Among the art worth catching in Hong Kong this spring, TeamLab: Continuous, at Tamar Park in Admiralty, features some 200 light-emitting ovoids that stand up to five metres tall, both on land and water. Photo: Handout
Art Month may have crescendoed with Art Basel and Art Central at the end of March, but Hong Kong remains abuzz with quality exhibitions, installations and multidisciplinary shows.
M+ in West Kowloon is hosting a variety of ongoing exhibitions, while public installations such as TeamLab: Continuous and Angelo Bonello’s Illuminate! Run Beyond make use of the harbour as a backdrop for dramatic light-based artworks. For those who can’t get enough of Hong Kong’s vibrant art scene, here’s our pick of the city’s current must-visits.

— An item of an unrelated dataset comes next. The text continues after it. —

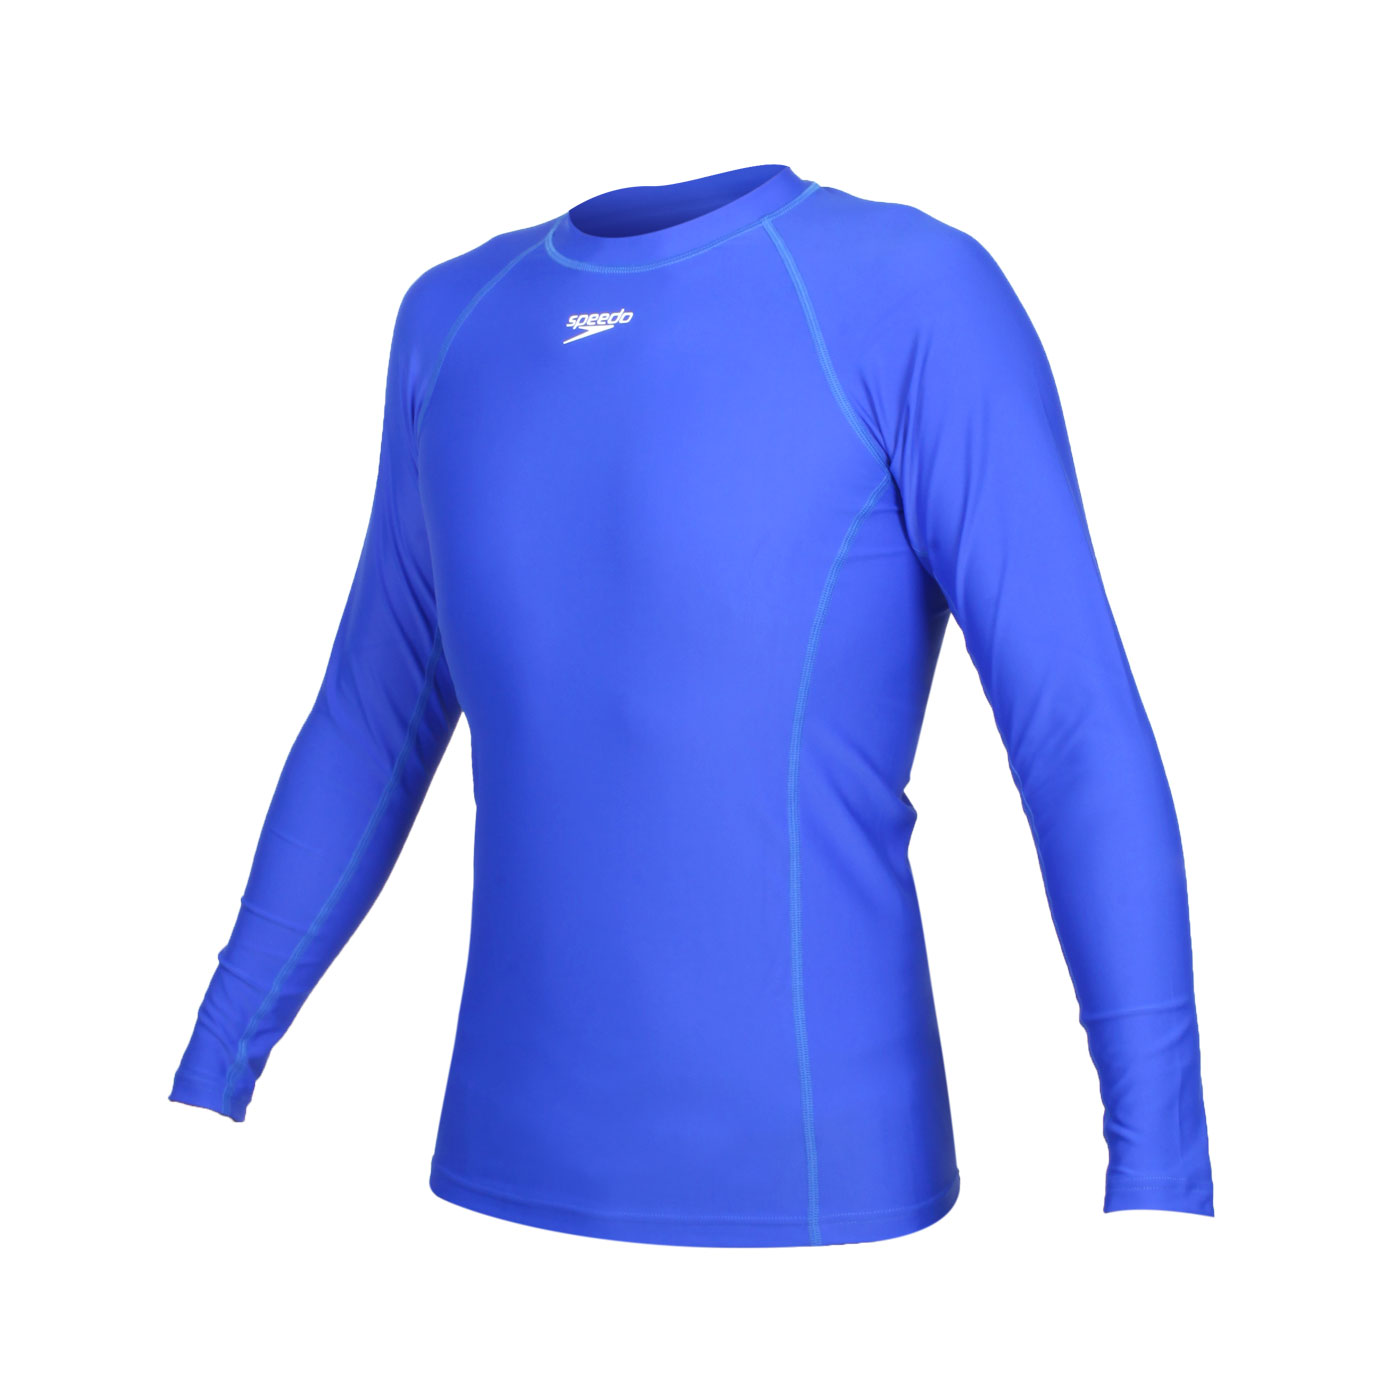 SPEEDO 男款長袖防曬衣 SD8132095135 - 藍白

1. “Shanshui: Echoes and Signals”, and more at M+

Mario Giacomelli's I Have No Hands to Caress My Face, part of “Noir & Blanc: A Story of Photography”, an M+ exhibition, through July 1, showcasing works from the museum as well as the Bibliothèque Nationale de France. Photo: Handout

In West Kowloon, be ready to catch some of the largest-scale works on display during Art Month at M+, with three shows across drastically different media. If you haven’t caught it, “Shanshui: Echoes and Signals” explores landscapes and humanity through traditional Chinese ink painting, sculpture and more. The exhibition features works by artists of different generations including Yang Jiechang, Xu Bing, Zao Wou-Ki, Wesley Tongson and Guo Hongwei, plus an LED installation by Tatsuo Miyajima, alongside video installations by Liu Chuang, Amar Kanwar and Nguyen Trinh Thi.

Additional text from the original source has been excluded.